What you actually need to go from run to prompt
Organizations that make the most of AI do more than just deploy the tools. They are rethinking the way work flows in business. This change is less about technology and more about clarity. If workflows are unclear, ownership is ambiguous, or success isn’t clearly defined, the system won’t uncover those issues. It simply won’t answer well. It’s not a cliché to say that garbage goes in and garbage comes out. This describes exactly what happens when a system is poorly educated.
What was once execution is now direction. What was once programming is now prompting. Leaders who get the most value understand their products, customers, and workflows deep enough to educate their systems about all of it. Then prompt towards the goal on the whiteboard without telling the system how to get there. The discipline of getting out of your own way and letting the system suggest a path is where most leaders first struggle.
This is also why I believe the real competitive advantage here is not technical. I would always prefer to hire strong operators with deep business knowledge rather than technical experts. People who understand what an organization does, how it does it, and what it’s trying to accomplish can educate and encourage these systems more effectively than people who can only mechanically explain how the systems work.
the risk is already there
Concerns about reliability are understandable. In a regulated environment, defective output is not always included. It moves through workflows, influences decision-making, impacts customers and patients, can create legal or compliance exposures, and is difficult to eliminate. These risks are real, which is why early experiments should be conducted in low-risk environments with explicit human review.
However, waiting does not eliminate the risk. It shifts it. Organizations that sit on the sidelines are accumulating another type of exposure. A widening capability gap, an inability to attract talent who expect these tools to be part of how they get their jobs done, and slow response times when the competitive environment demands it.
Within our organization, I speak up about my position. AI will not replace humans. It’s being replaced by humans who don’t want to take advantage of it. It’s not a threat. It’s an explanation of what’s already happening. We provide all leaders with the training, support, and access they need to participate. Those who choose not to do so will eventually face that reality, regardless of where they work.
Successful companies don’t wait for a better version. They are now building their knowledge base, educating their systems on how the business actually works, and pushing them toward outcomes that their competitors have yet to achieve. This head start is waiting for no one.
Important points
- Today, leaders who begin educating their AI systems based on real-world operations are building an advantage that late adopters cannot match.
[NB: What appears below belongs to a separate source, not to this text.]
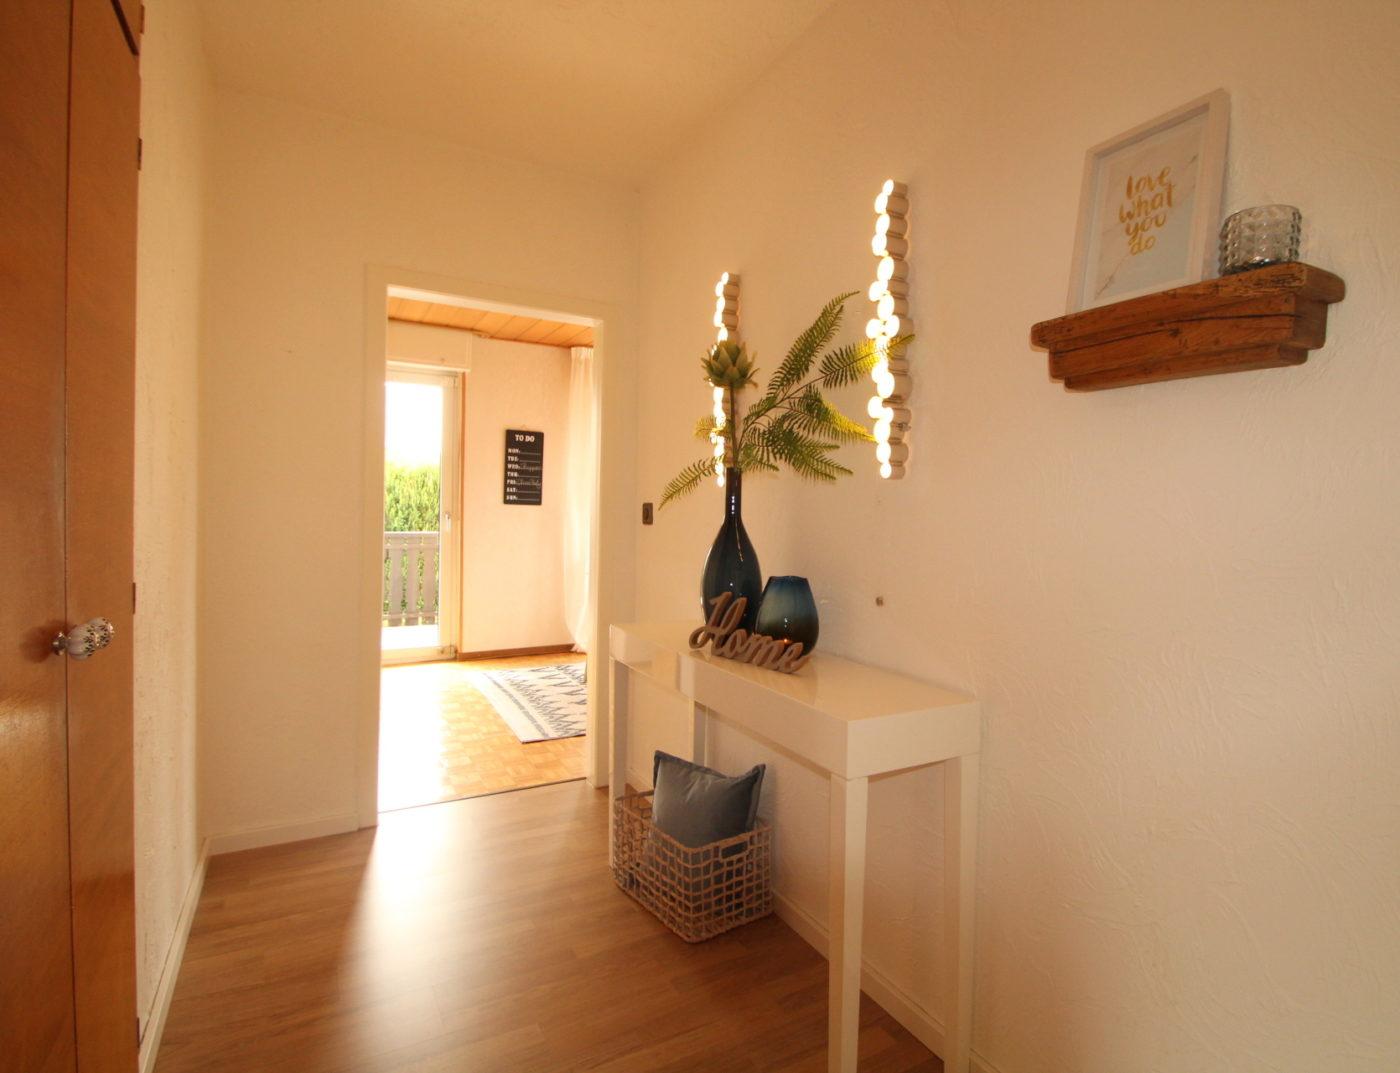 Stimmungsvolle Kaufatmosphäre schaffen mit Blickfang Homestaging aus Soest. So verkauft man Immobilien heute!

- The real job is not to implement tools. Load AI with everything your organization knows and push it towards outcomes you haven’t yet achieved.
- Organizations that wait for AI to feel safe will inherit a gap that cannot be filled. Learning can only be gained by putting it into practice in real business situations.
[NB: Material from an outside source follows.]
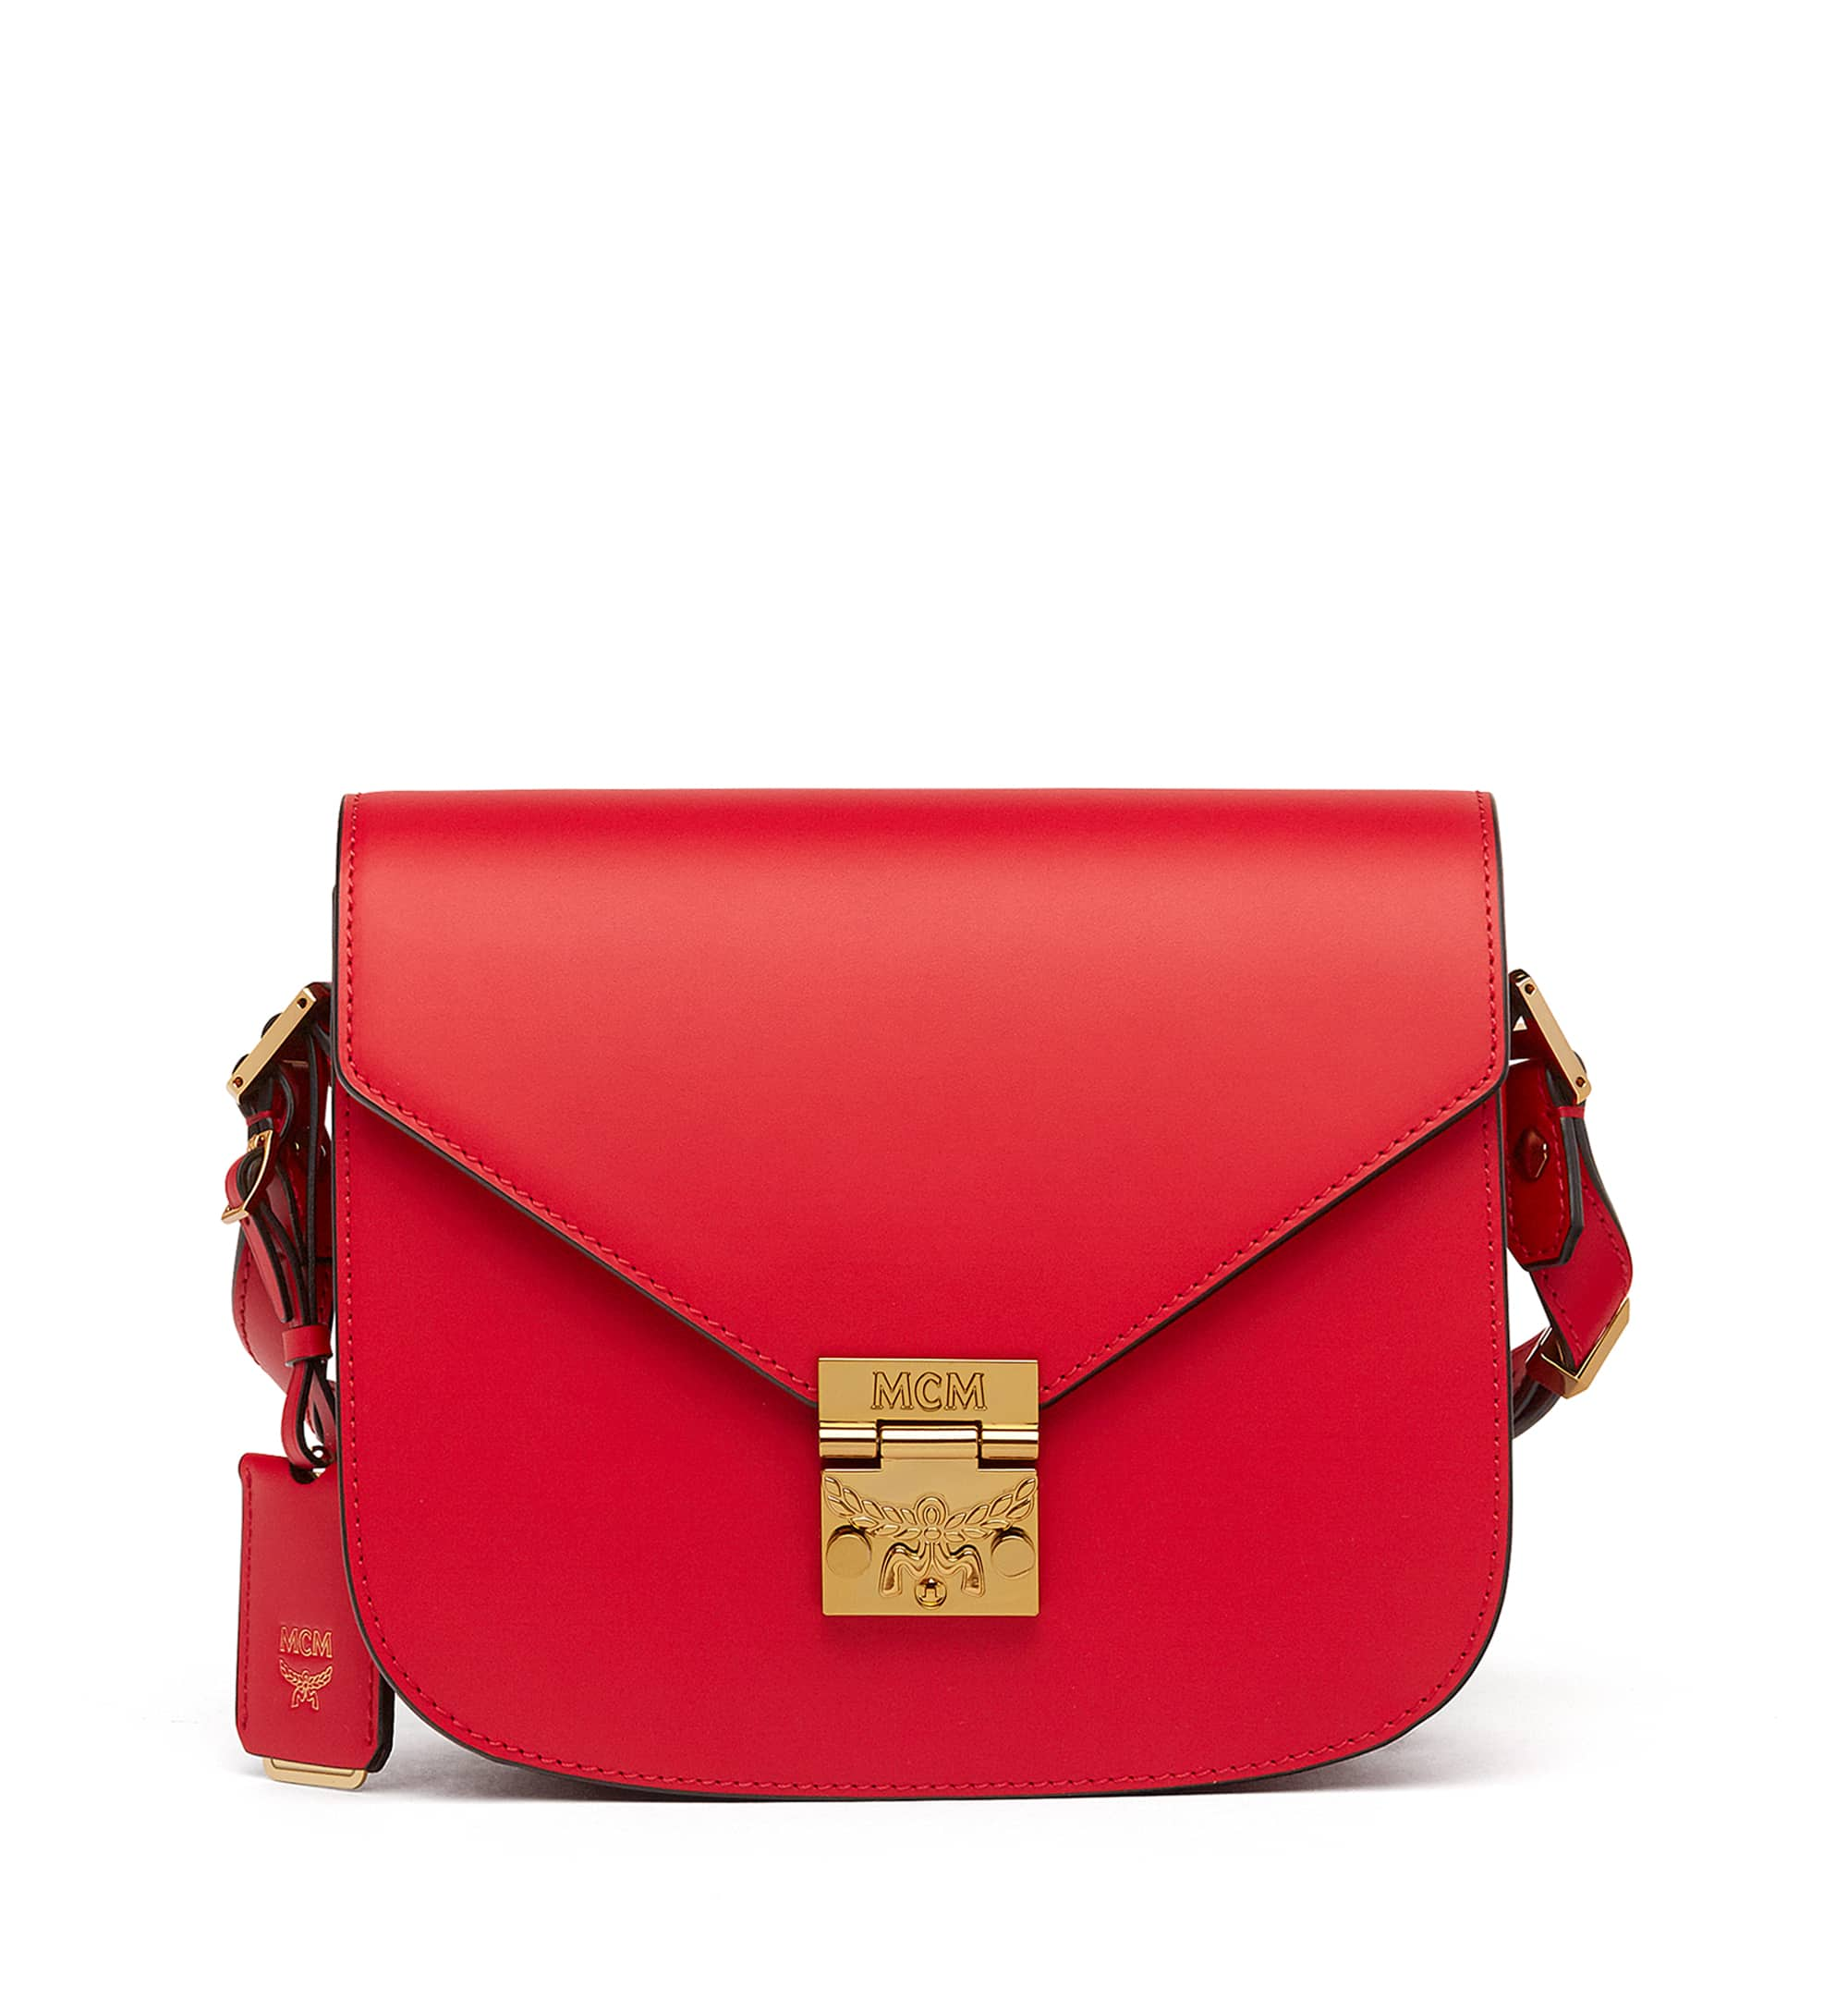 Mcm Ruby Red Small Patricia Crossbody Bag

I run a healthcare technology company, and I didn’t come to the company with a formal background in AI. What I have is a view formed by building and testing these systems within real businesses, and those views are rapidly evolving.
Some leaders I know are fully committed. They are testing tools, prompting systems, and learning what works and what doesn’t. I am one of them. We also provide ongoing personalized training to all leaders on our team to ensure they are equally supported. We’re not asking people to figure it out on their own. We’re asking them to participate and we’re giving them what they need to succeed.
Others are waiting too. They want technology to feel more sophisticated, more proven, and more secure. That instinct creates a false sense of control. You don’t need a perfect system to get value from AI. Advantages are built by overcoming imperfections. By doing so, you can learn what’s broken and how to improve it.